*** Begin section ***

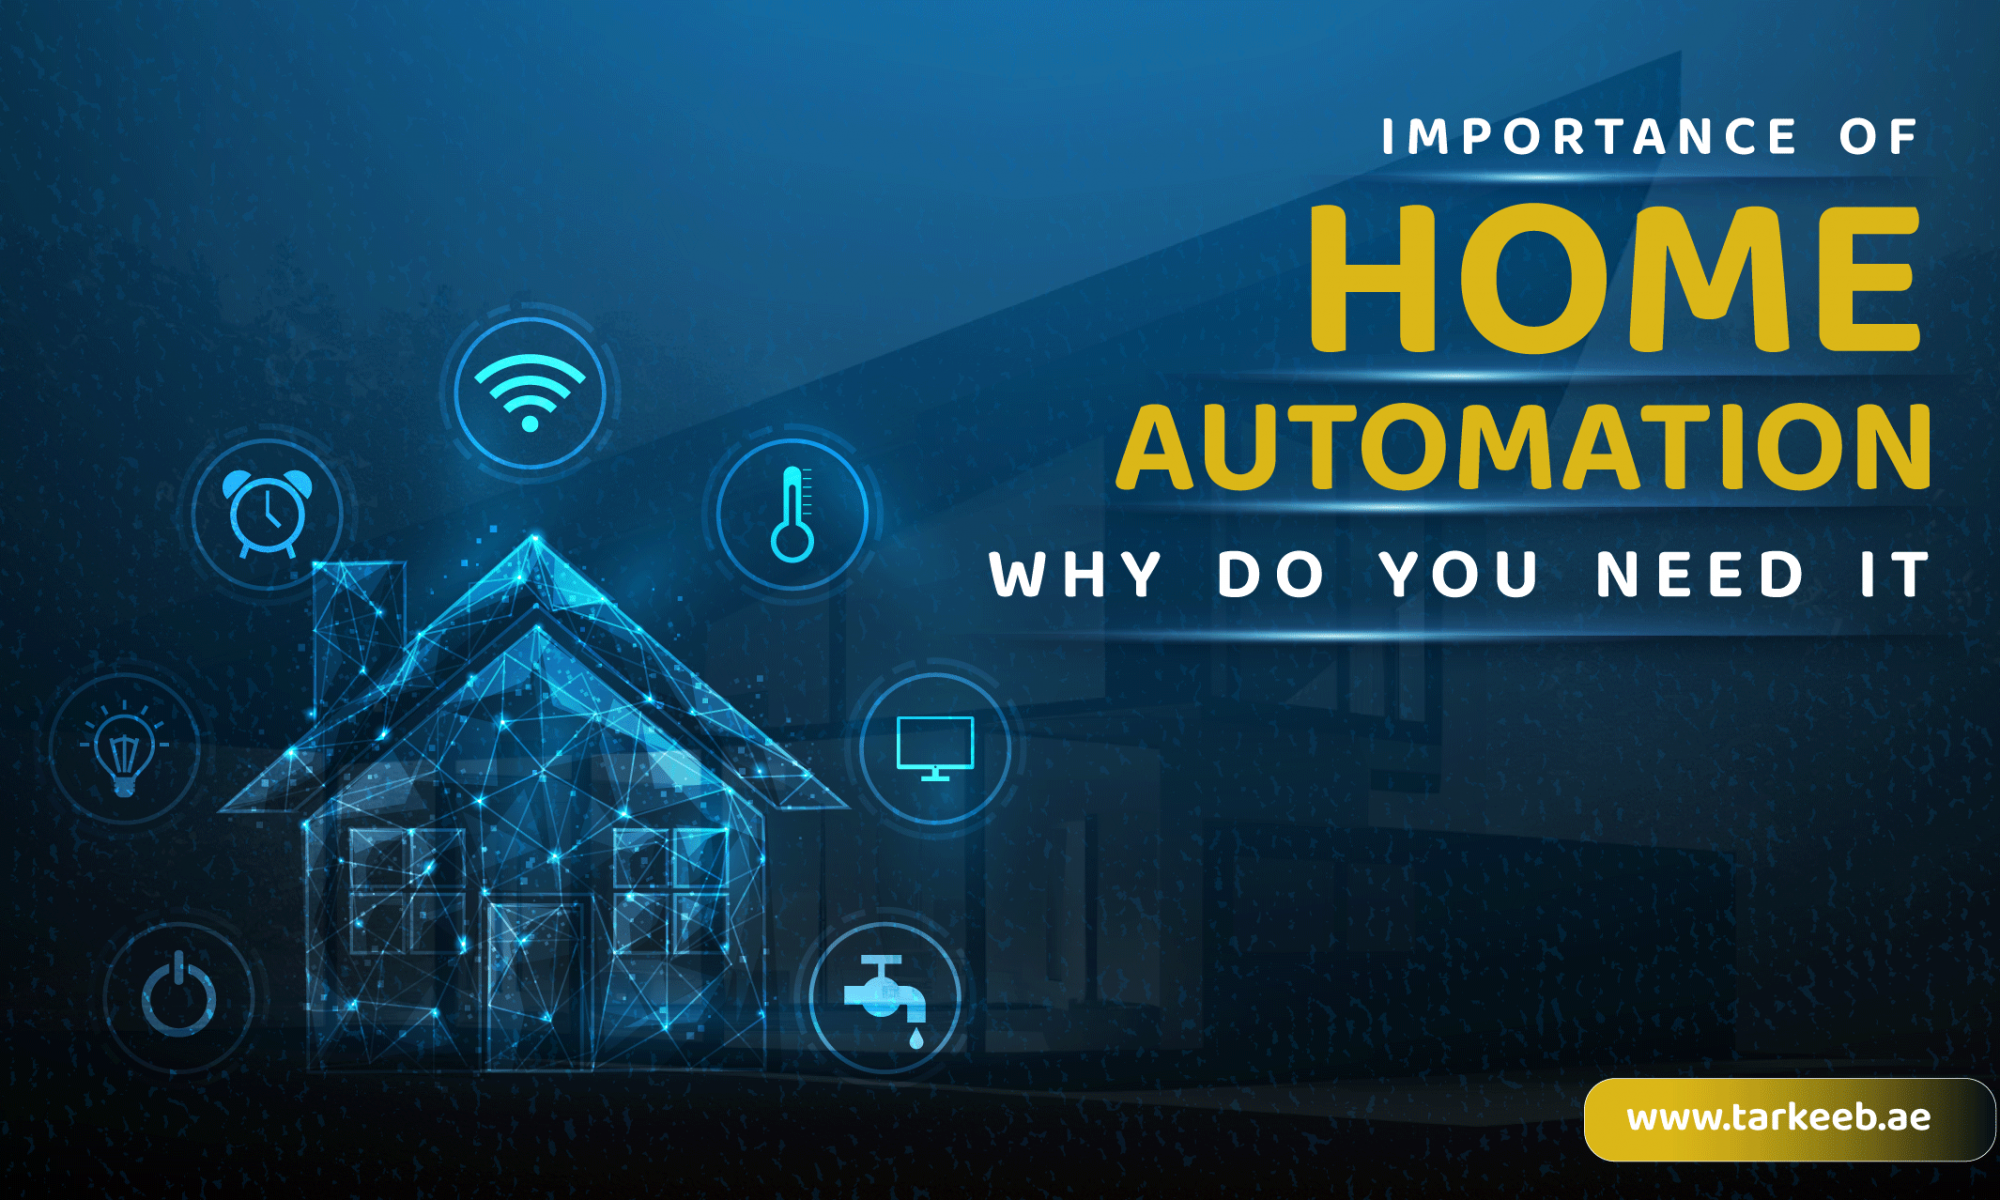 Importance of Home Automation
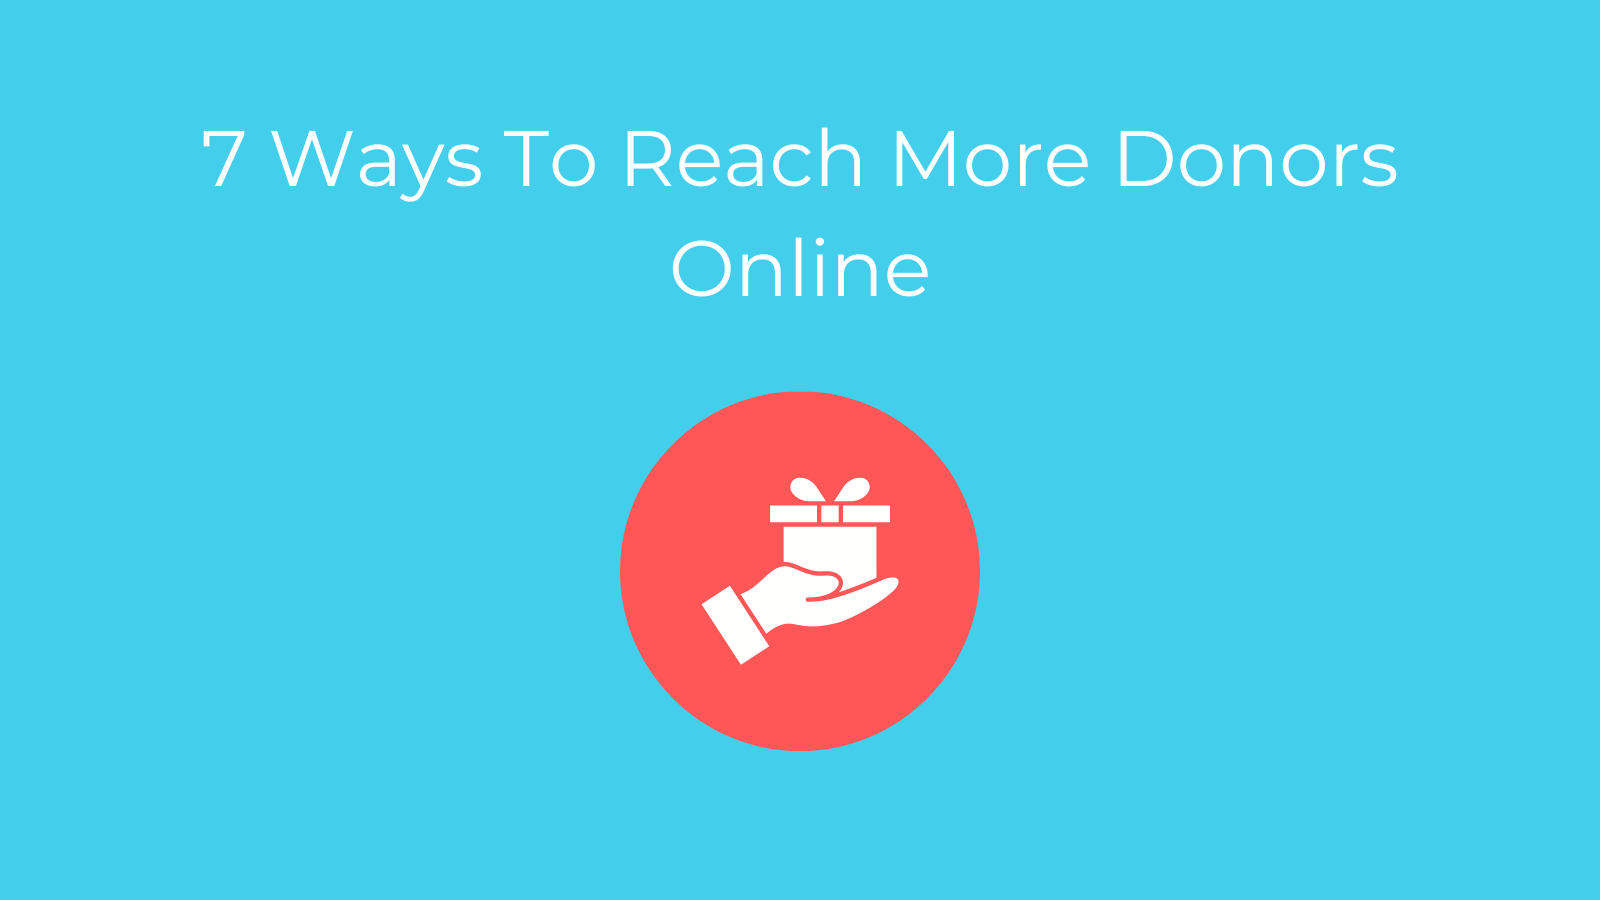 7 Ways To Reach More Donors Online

*** End section ***
*** Begin section ***

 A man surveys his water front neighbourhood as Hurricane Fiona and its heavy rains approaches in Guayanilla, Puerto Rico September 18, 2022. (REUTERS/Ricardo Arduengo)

*** End section ***

### Task goal
Would you please reproduce the entries above, starting at the line with "Importance of Home Automation" and stopping after the line with "7 Ways To Reach More Donors Online"? Omit any pictures.

### Solution to this task
 Importance of Home Automation
 7 Ways To Reach More Donors Online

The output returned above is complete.